Neste instante Julieta despertou, abriu os olhos devagar e ao ver o rosto do marido tão próximo ao dela abriu um amplo sorriso; lá estava ele, o dono dos olhos que ela mais amava em toda a terra, seu doce e amoroso marido. Sem responder ela ergueu as mãos, tirou os óculos jogando-o sobre o criado-mundo, virou-se novamente para Aurélio e acarinhou seu rosto. Quando ele ia falar ela colocou a mão sobre os lábios para que ele se calasse, seguiu com os dedos contornando o rosto, passou a mão sobre sua testa, têmporas, bochechas, queixo e finalmente o beijou, um beijo cheio de amor, paixão e saudades.

Aurélio respondeu na mesma moeda, trazendo-a para mais perto, beijando-a com paixão e doçura; sentaram-se frente a frente sobre a cama, e quando já estavam sem ar, abraçaram-se com toda força, tentando capturar aquele abraço todos os abraços e carinhos que gostariam de ter trocado pelas conversas ao telefone. Foi então que Julieta finalmente falou:

— Não sabe como eu esperei por isso, voltar a nossa casa, ao nosso quarto, abraçar e beijar você, sentir seu calor, o toque de suas mãos sobre meu rosto, a doçura do seu olhar sobre mim- concluiu abaixando os olhos e sorrindo. 

— Está me fazendo declarações de amor dona Julieta? Não era a senhora que não gostava deste tipo de coisas?- disse Aurélio em tom humorado e provocativo.

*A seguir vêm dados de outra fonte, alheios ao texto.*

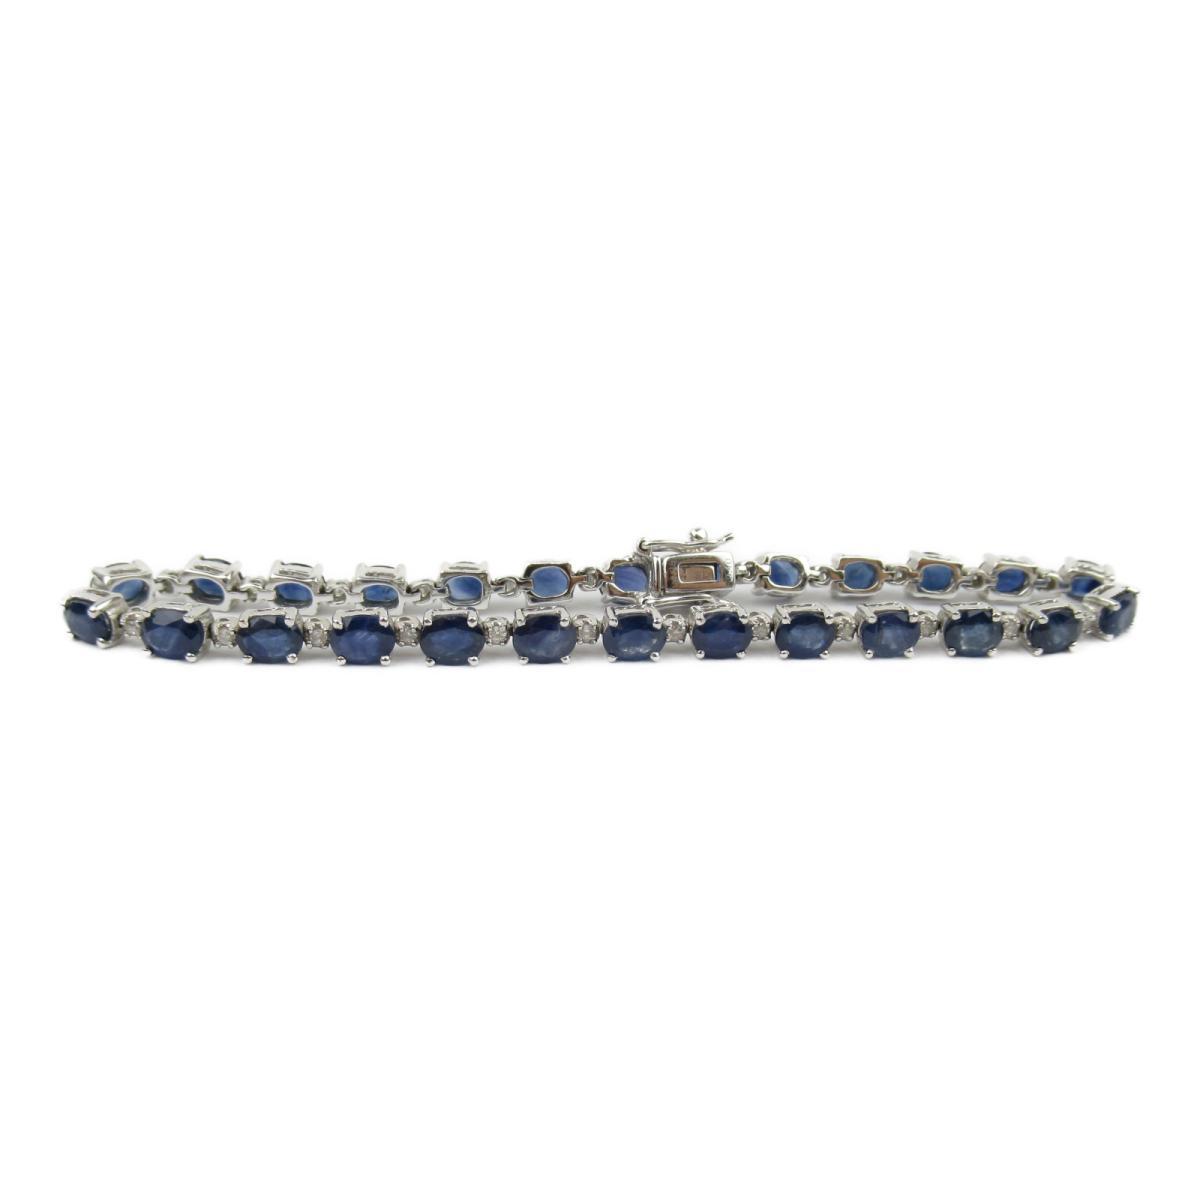 ジュエリー サファイア ダイヤモンド ブレスレット ノーブランドジュエリー レディース K18WG (750) ホワイトゴールド x サファイア9.40/ダイヤモンド0.25ct 【中古】 | ブランド

— Já lhe disse que por você eu farei isto e muito mais, pois não há nada que eu não faça pra te ver feliz- disse com voz sedutora.

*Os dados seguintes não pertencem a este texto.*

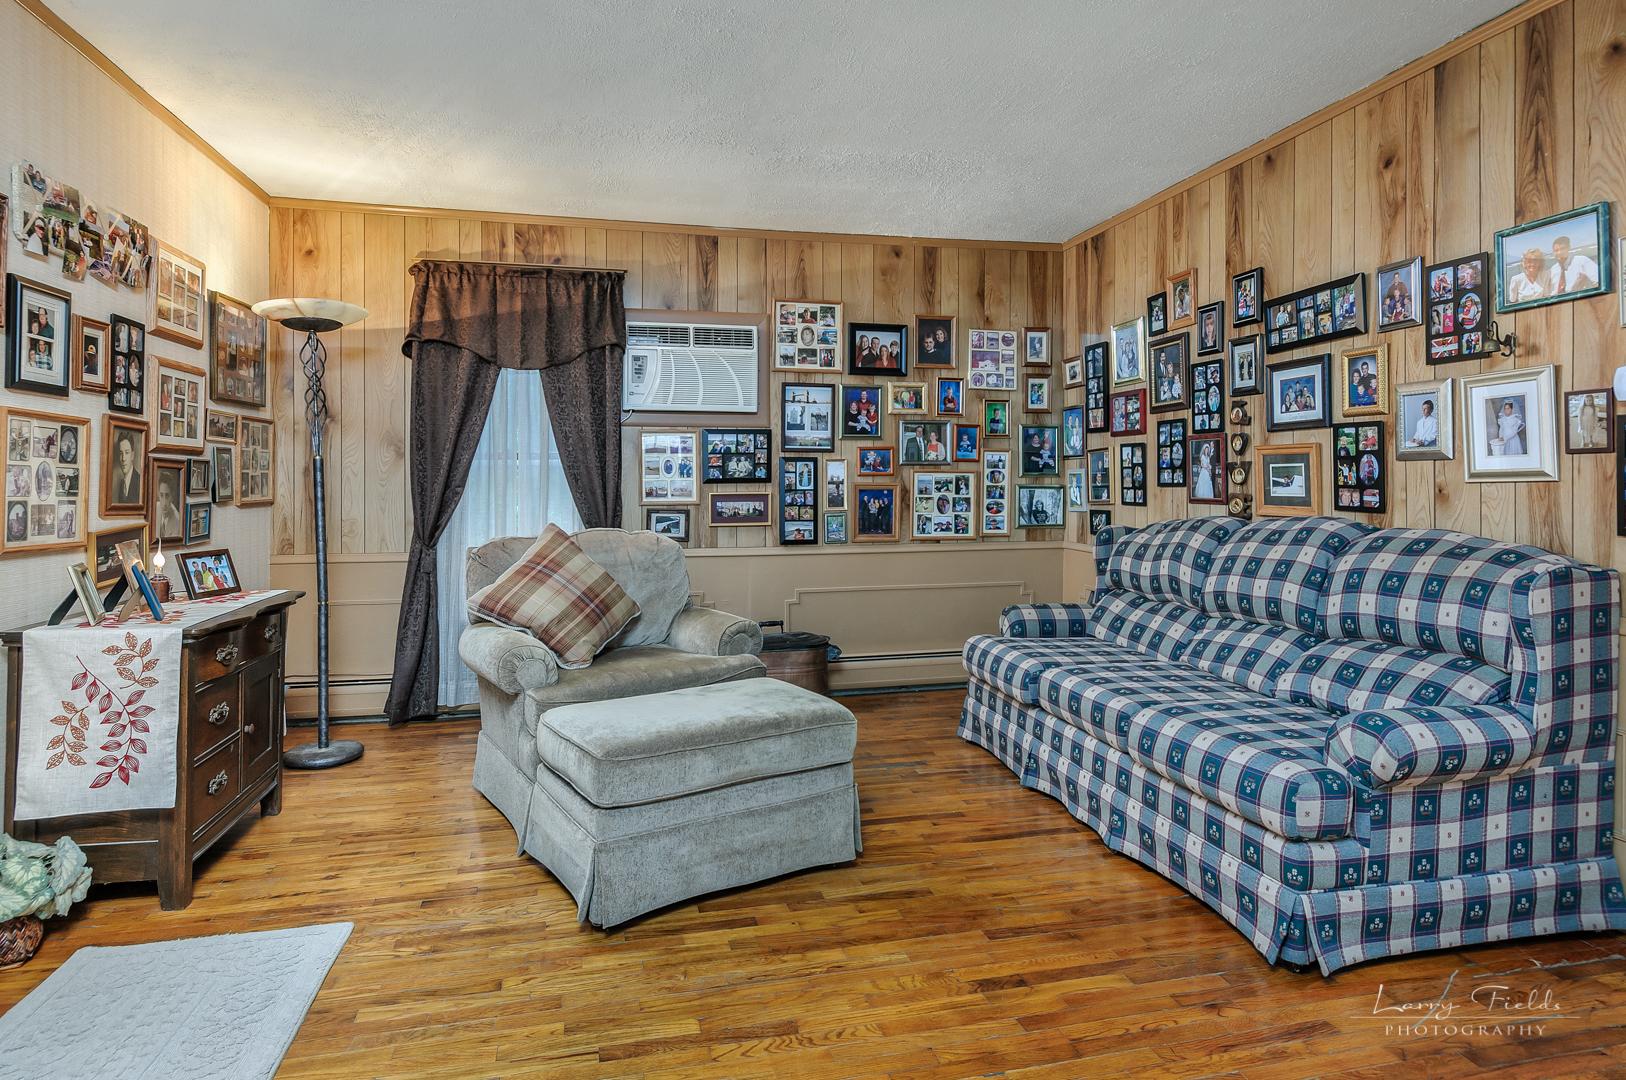 2508 42nd, Sheridan, Illinois, 60551

— Não há nada mesmo minha rainha? - com o tom sugestivo de Aurélio, Julieta fez apenas um aceno com a cabeça; ele então se aproximou dela e continuou dizendo:

—Certo, antes que eu lhe faça um pedido especial, permita-me lhe dizer ao pé do ouvido uma declaração da minha saudade- disse ele se aproximando dela, sussurrando- sois a mais bonita das mulheres minha doce Julieta, seu sorriso me deixa tonto, seu perfume me deixa sem ar, viver estes dias longe de você foi um martírio, quase como uma eternidade, triste e vazia, hoje contudo, meu inverno longo e severo acabou e eu posso então olhar em seus lindos olhos castanhos e dizer-te- neste momento Aurélio posicionou-se frente a frente com Julieta e olhou no fundo dos seus olhos- que você é tudo pra mim, te amo e te venero.

 

Julieta com lágrimas em seus olhos apenas fechou a distância entre eles e o beijou profundamente, buscava demonstrar naquele beijo toda sua devoção, seu amor, seu desejo, sua gratidão por tê-lo com ela, por juntos dividirem aquela vida, que ela jamais imaginara que teria. O beijo foi se aprofundando e logo o casal buscava ansiosamente aprofundar seus toques, Aurélio então prosseguiu beijando o rosto de sua amada, a dobra do pescoço, até que quando decidiu puxar as mangas dela para tirar o seu vestido ouviu um ronco alto, era o estômago de Julieta, ele então parou e começou a gargalhar alto, perdendo completamente o romantismo do momento. Ela então quebrou o silêncio:

 

— Acho que estou com fome, me desculpe meu amor, eu não queria interromper nosso momento desta forma- disse sorrindo, envergonhada com tal manifestação altamente inapropriada de seu estômago.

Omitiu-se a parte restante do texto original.